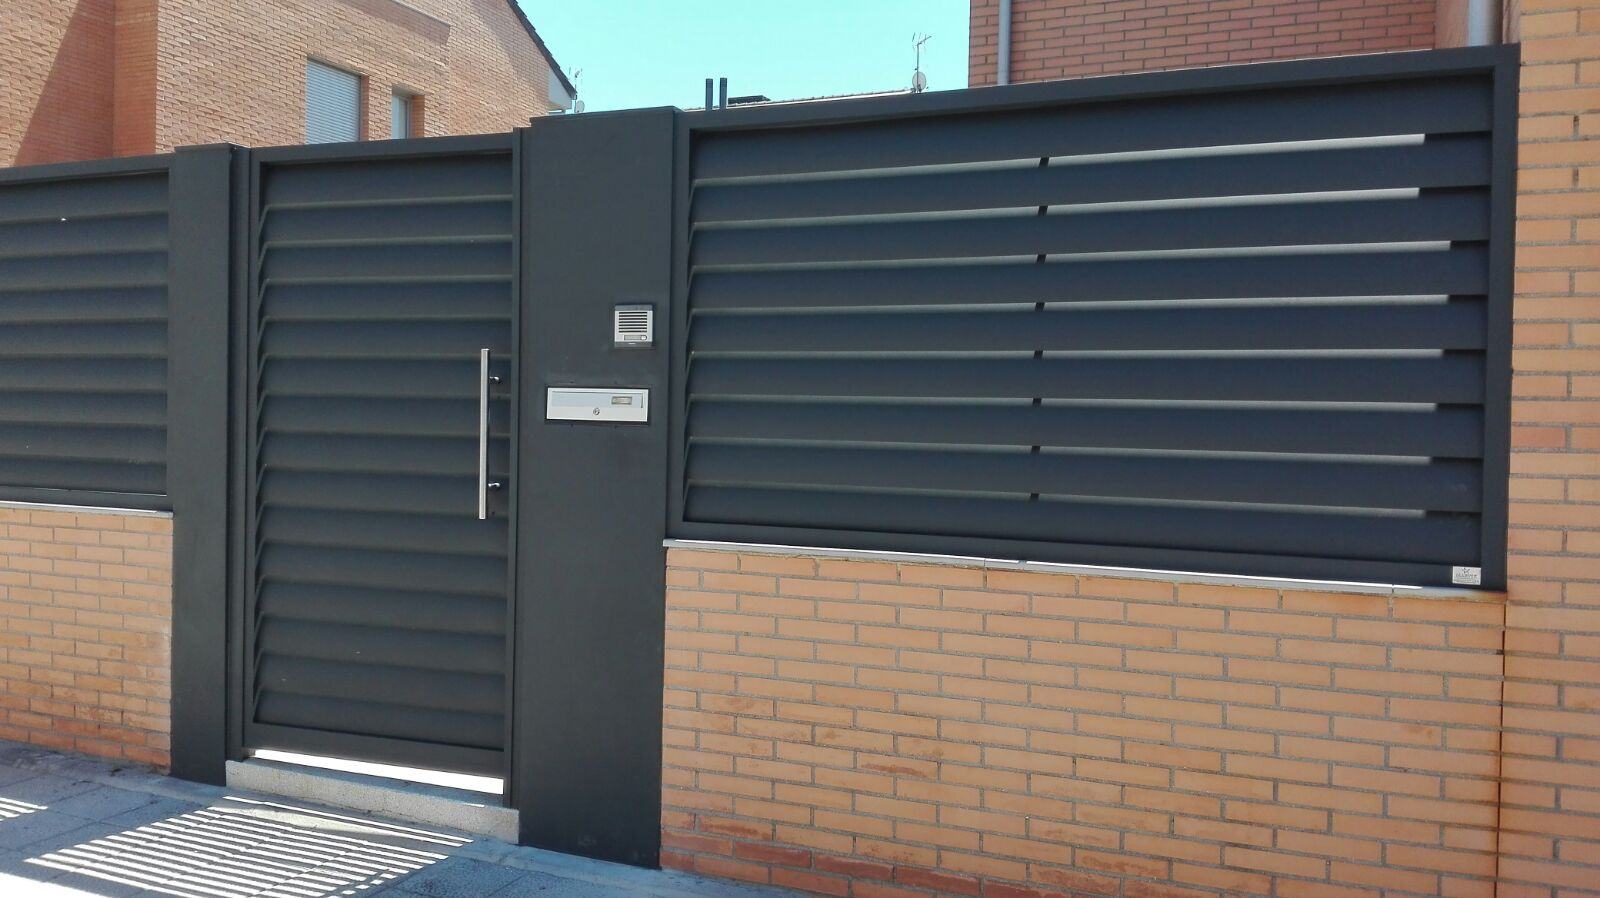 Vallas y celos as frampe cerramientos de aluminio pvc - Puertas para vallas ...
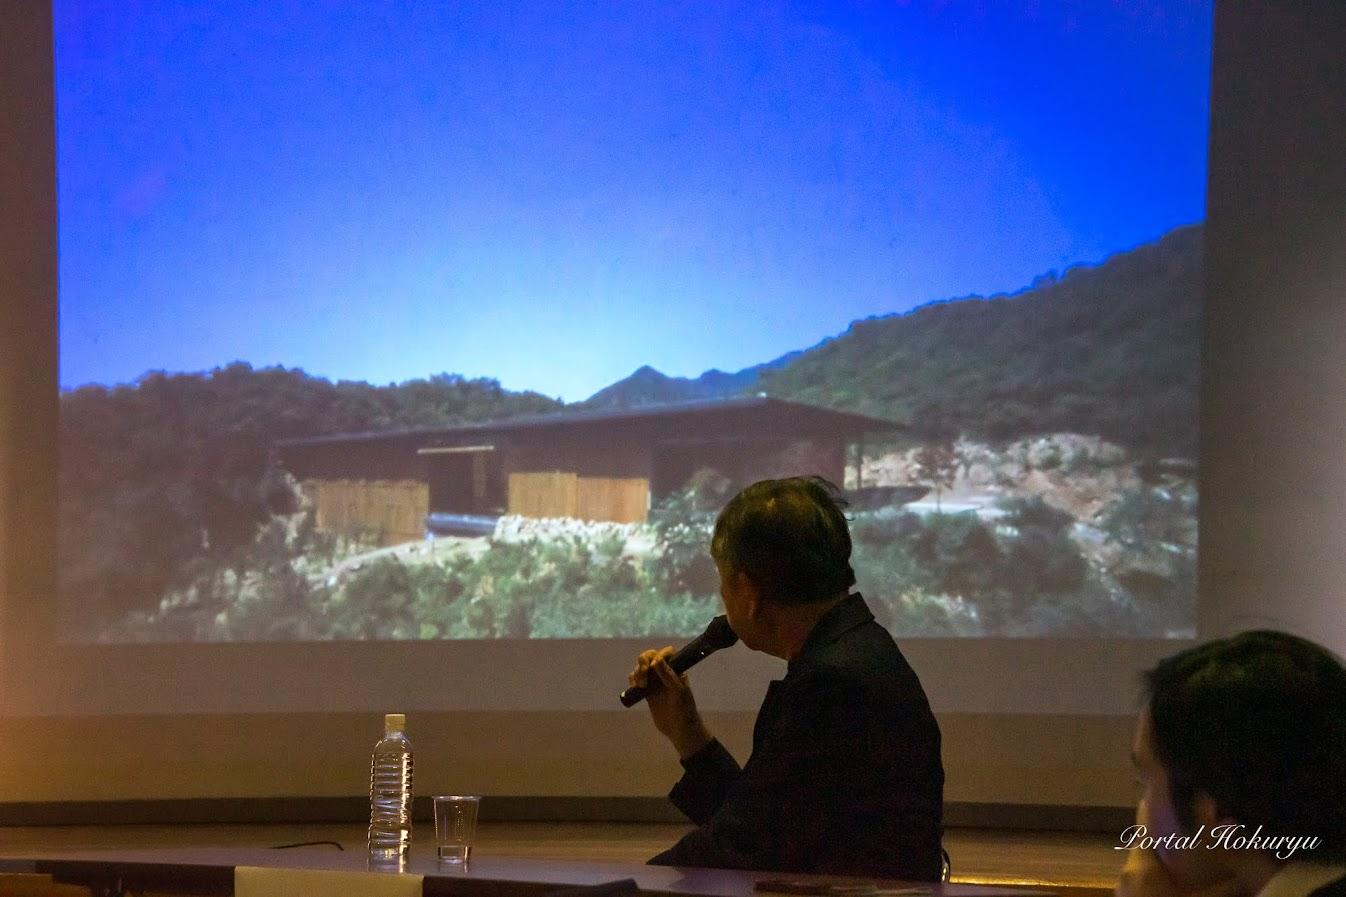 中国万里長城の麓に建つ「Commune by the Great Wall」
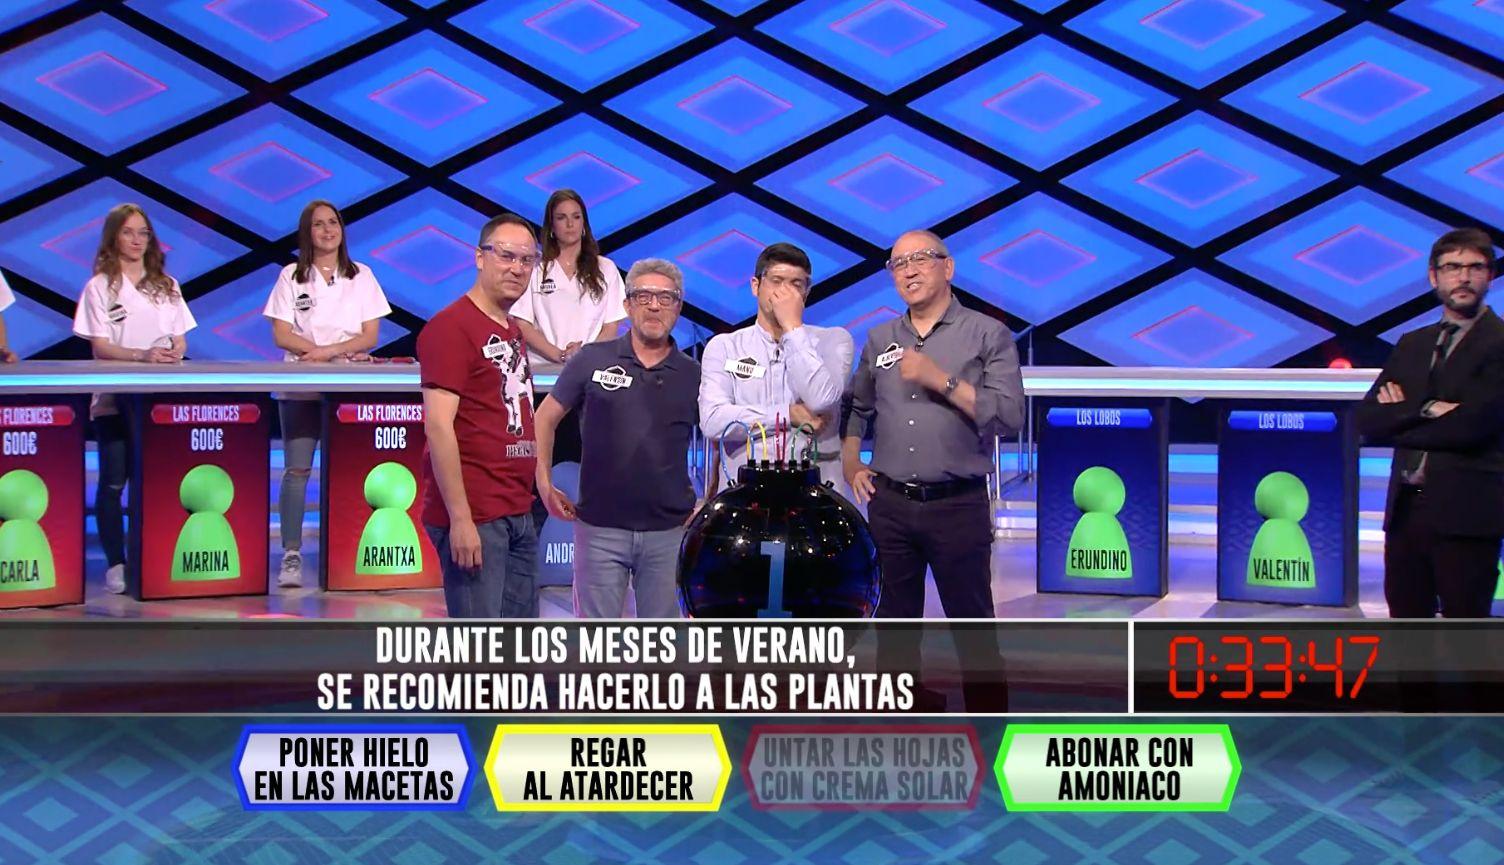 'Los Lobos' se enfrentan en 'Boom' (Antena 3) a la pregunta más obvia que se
= = =
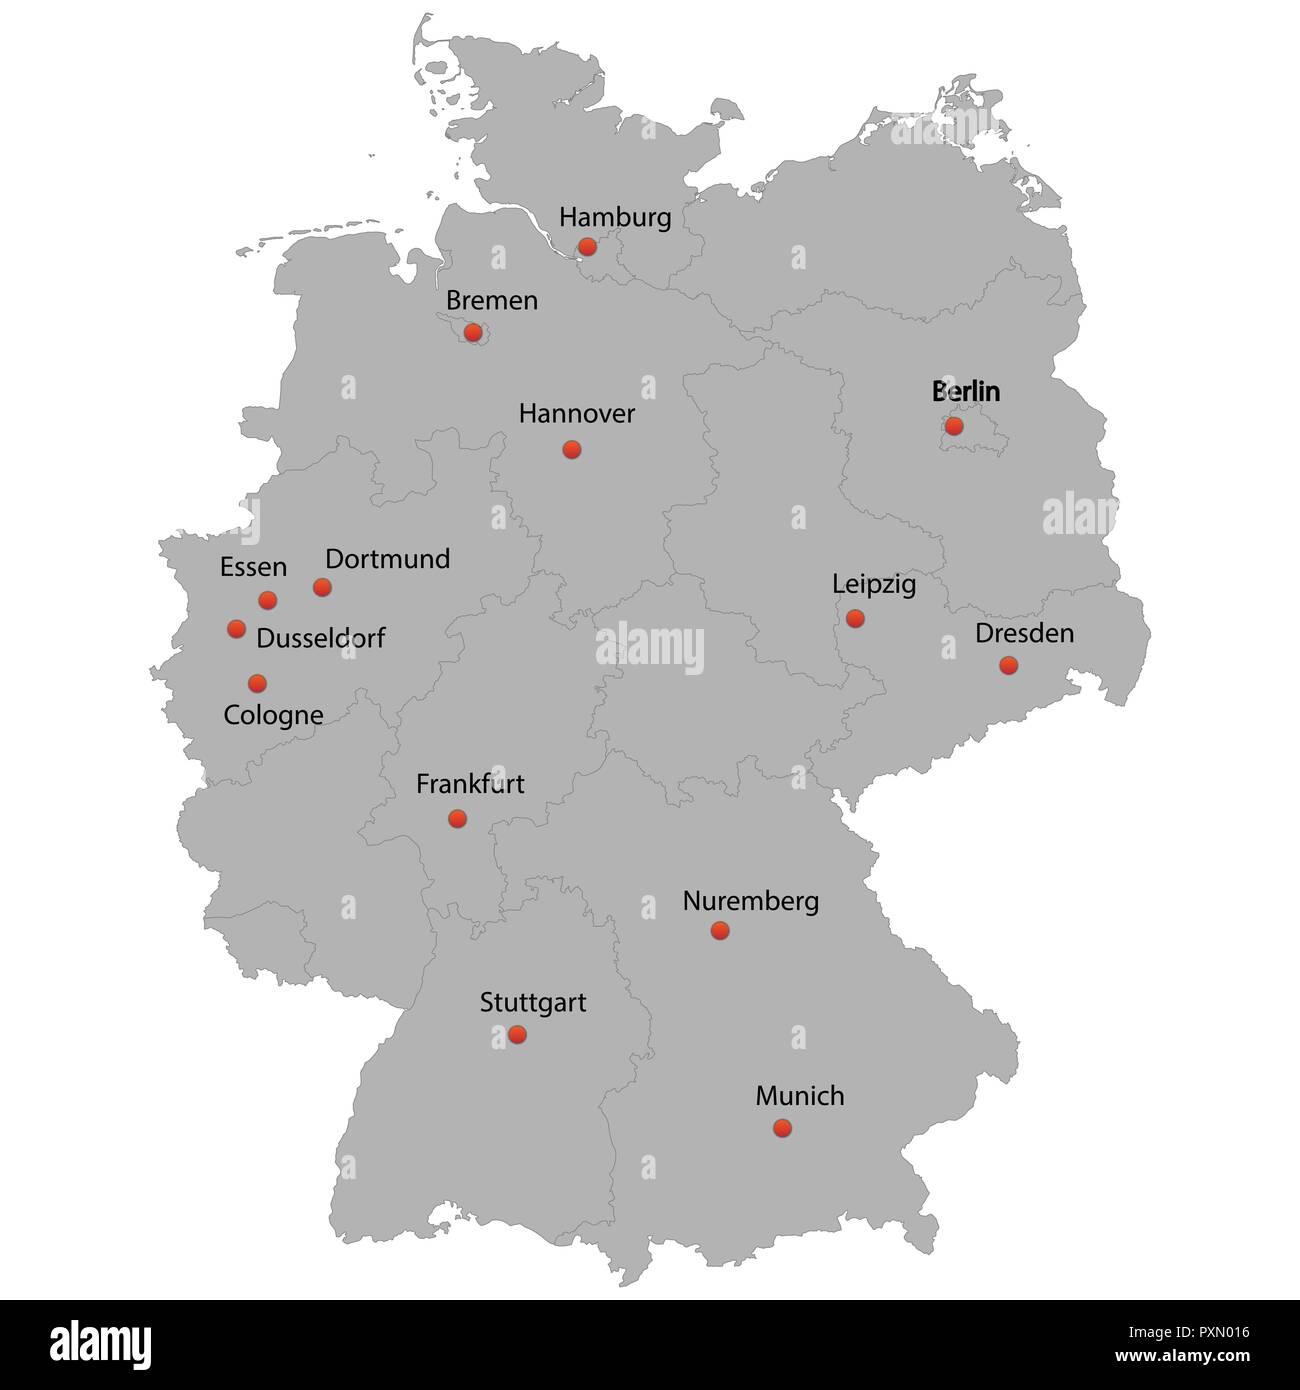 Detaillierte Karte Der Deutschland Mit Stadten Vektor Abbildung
= = =
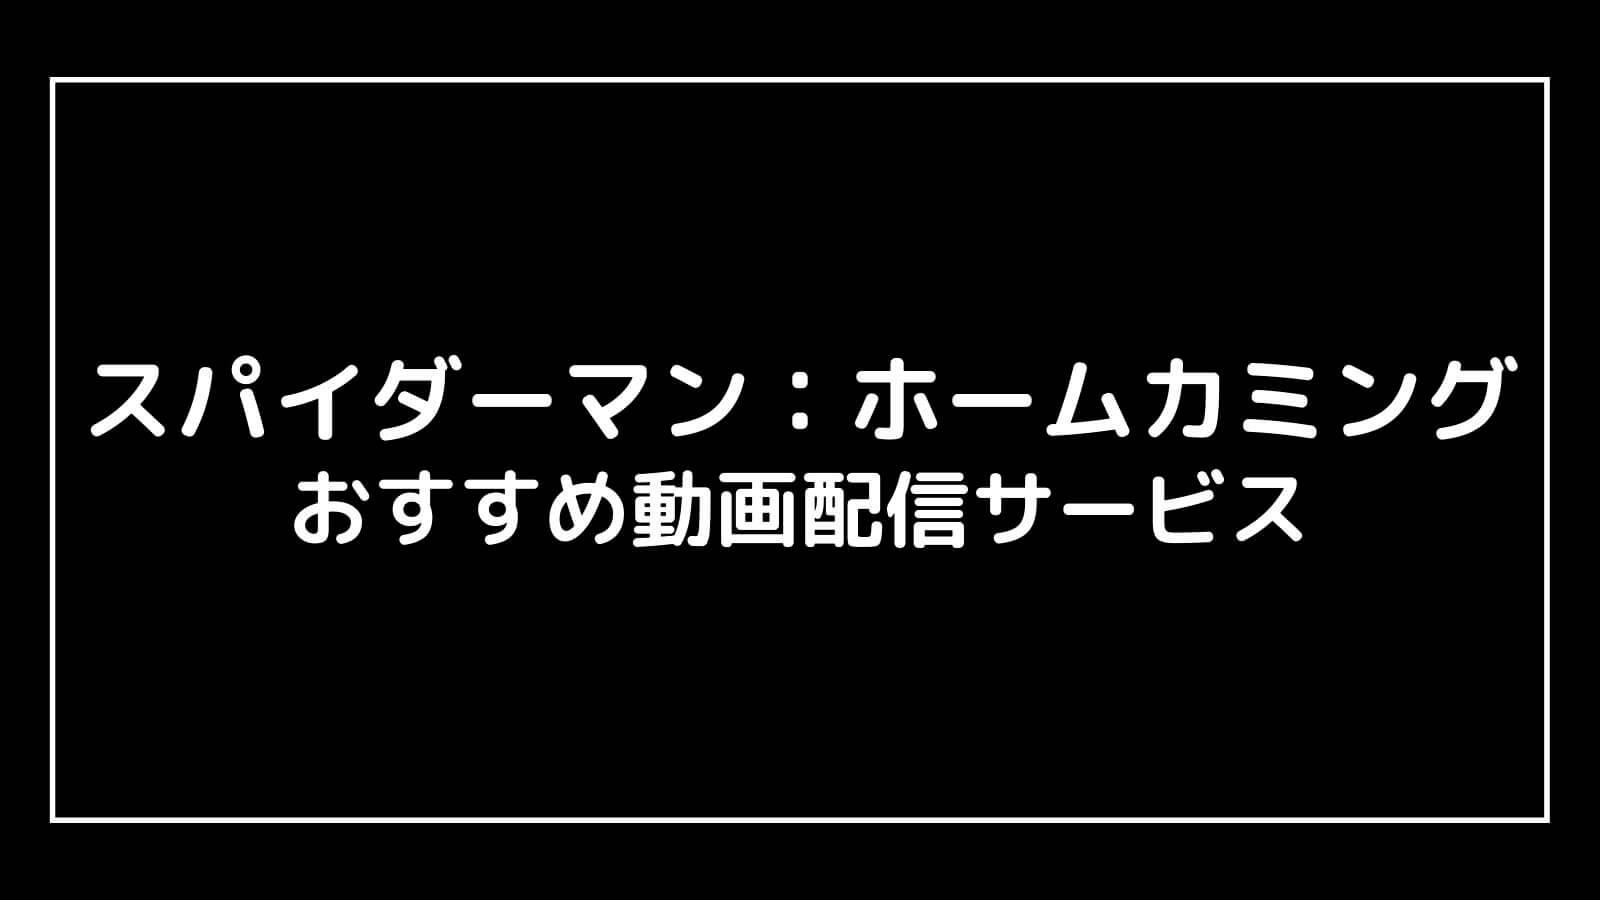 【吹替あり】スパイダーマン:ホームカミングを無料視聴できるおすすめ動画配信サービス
= = =
Work instructions |
Look above for the line with "Vallas y celos" and the line with "obvia que se". Output those two and everything between them exactly, pictures excluded.

Answer to this task |
 Vallas y celos as frampe cerramientos de aluminio pvc - Puertas para vallas ...
 中国万里長城の麓に建つ「Commune by the Great Wall」
 'Los Lobos' se enfrentan en 'Boom' (Antena 3) a la pregunta más obvia que se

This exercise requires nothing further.